昔ながらの野草、イタドリがじつは地域の宝だった。休耕田を使って集落みんなで栽培・加工して村の特産品に。稲作以上の利益が見込めて、地域が元気になってきた。
戸田晴喜(高知県中土佐町・北地区振興会)
大野見北地区は、高知県南西部の中土佐町にあります。当地区は、5集落で構成され、古くから稲作や林業を生業としてきました。住民の結びつきが強く、自治組織「北地区振興会」が旧小学校跡地を拠点に、月1回の見守りパトロール、運動会・文化祭等様々な活動を行なっています。
しかし、近年、人口減少と高齢化が顕著となり、耕作放棄地(休耕田)の増加への懸念や、年金収入だけでの生活への不安の声が振興会に寄せられるようになりました。そこで、県や町の支援を受け、2019年10月に*集落活動センター「おおのみきた」を設立し、耕作放棄地や老後生活資金の課題解決に向けて収益事業を開始しました。
*集落活動センターとは・・・高知県版の小さな拠点、地域運営組織のこと。平成の大合併前の旧小学校区や自治会などを単位に住民自ら地域課題の解決や仕事づくりに取り組む。
草取り不要で獣害も少ない
収益事業の柱は、イタドリの栽培です。イタドリは、高知の家庭で食べられる春の山菜。栽培に踏み切った理由として、休耕田を活かし耕作放棄地の解消になること、栽培・収穫・加工の手間が少ないこと、高額な機械が不要であること等が挙げられます。
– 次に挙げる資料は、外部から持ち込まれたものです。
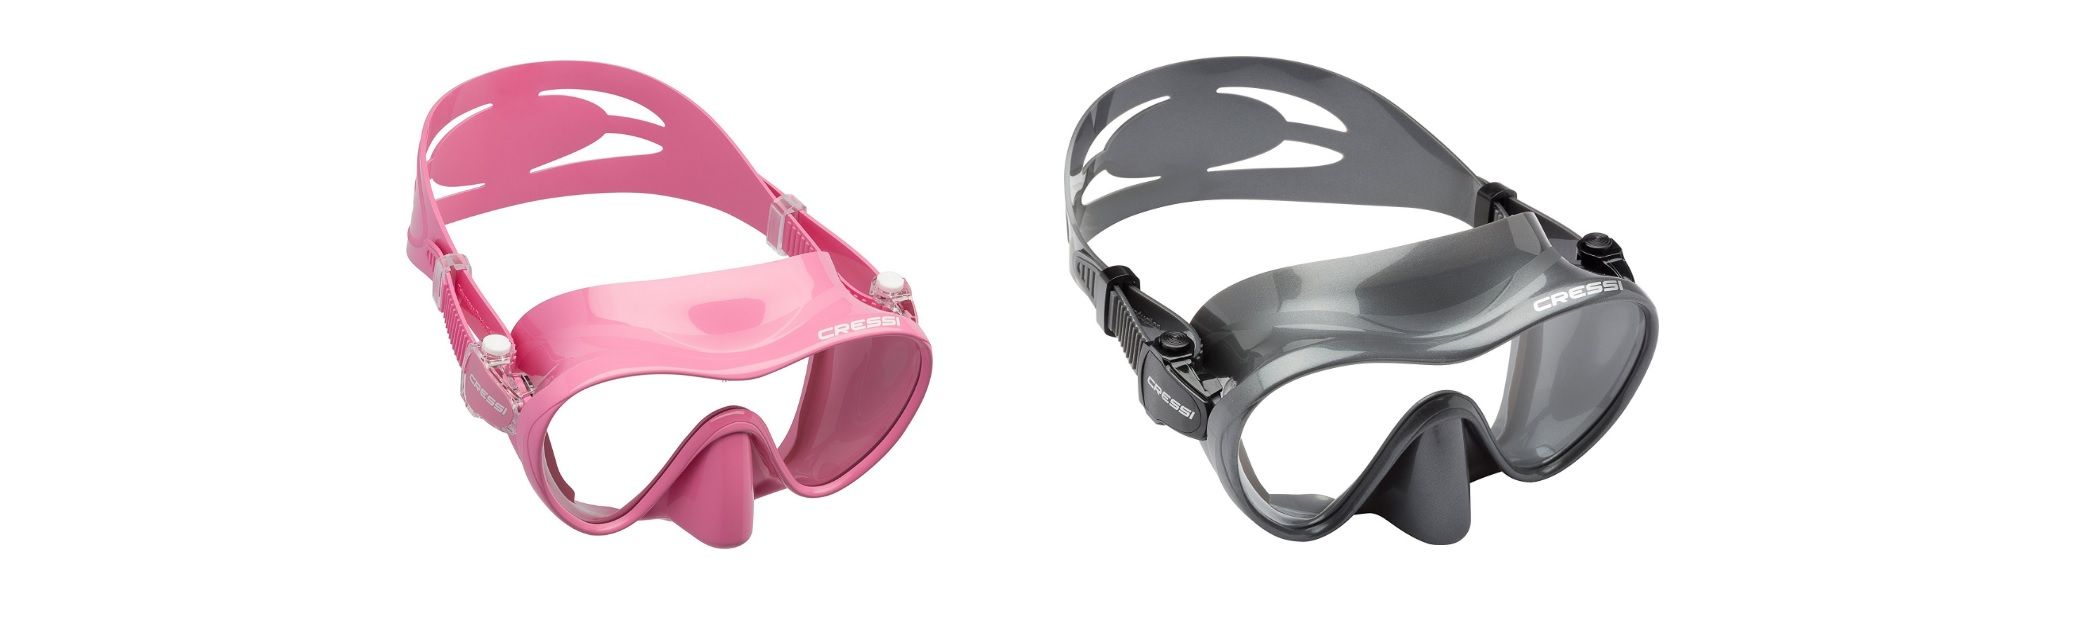 ¡Chollo! Gafas de buceo Cressi F1 por sólo 12,99€  ¡En varios colores!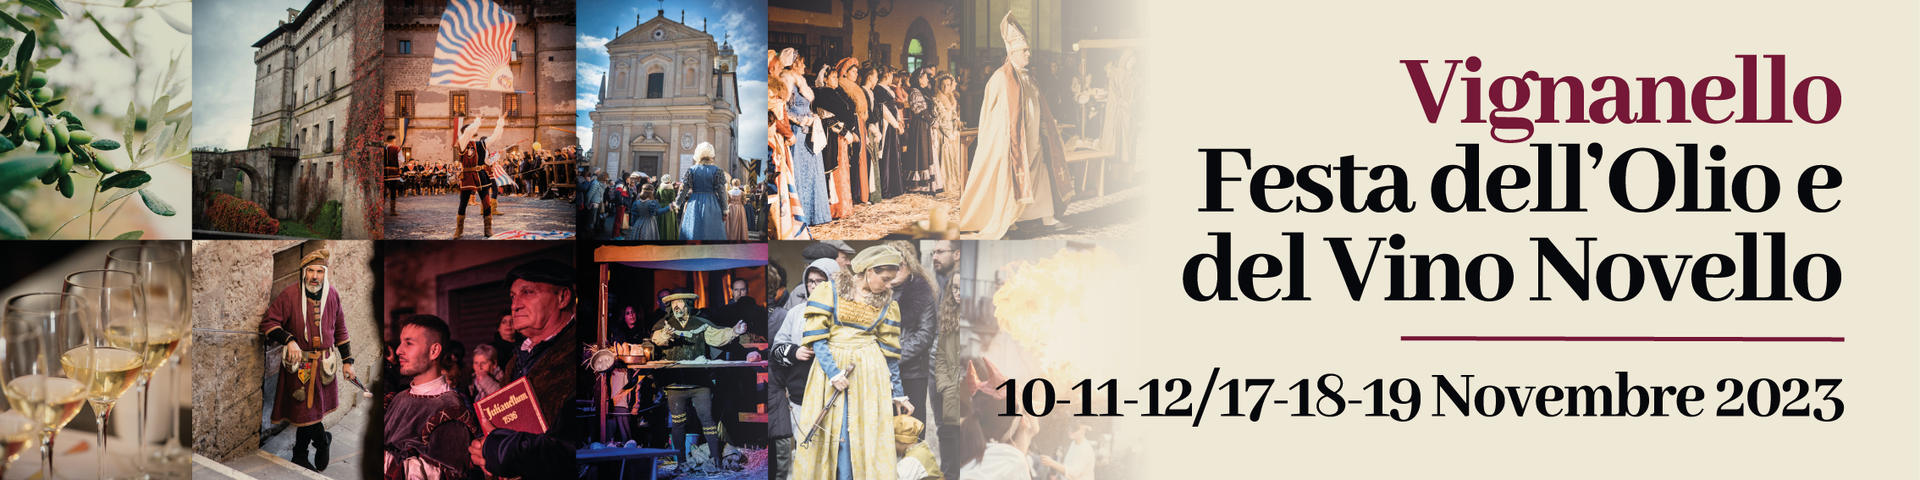 <strong>FESTA DELL’OLIO E DEL VINO NOVELLO DI VIGNANELLO: il programma dei due fine settimana (10 -11-12 e 17-18-19 novembre)</strong>

まず、地区住民13人(平均年齢75歳)のメンバーが集まり、肉厚で収量の多い「鏡1号」を栽培品種に選定しました。この鏡1号の苗をメンバー個々が育成者グループから購入し、合計1.3haの耕作放棄地で栽培を開始して約3年になります。
イタドリの栽培方法は次の通り。
1年目
・2月頃、畑に張ったマルチに60㎝間隔に切れ込みを入れ、長さ20㎝の地下茎を植える。
・マルチの穴から出る草を取りながらイタドリの株を育てる。
・10月以降に葉が落ち、茎が枯れるので、12月前後にそれを刈り取る(がら刈り)。
・2月までに肥料の鶏糞を施す。
2年目
・4月に最初の収穫。太さ2.5cm、長さ40㎝ほどの若芽を手で折る。
・5~6月にお礼肥の鶏糞を施す。
・がら刈りや冬にやる肥料は1年目と同様
消毒は不要、イタドリは高さ2mほどに育って雑草を陰にするので、2年目からは除草も必要ありません。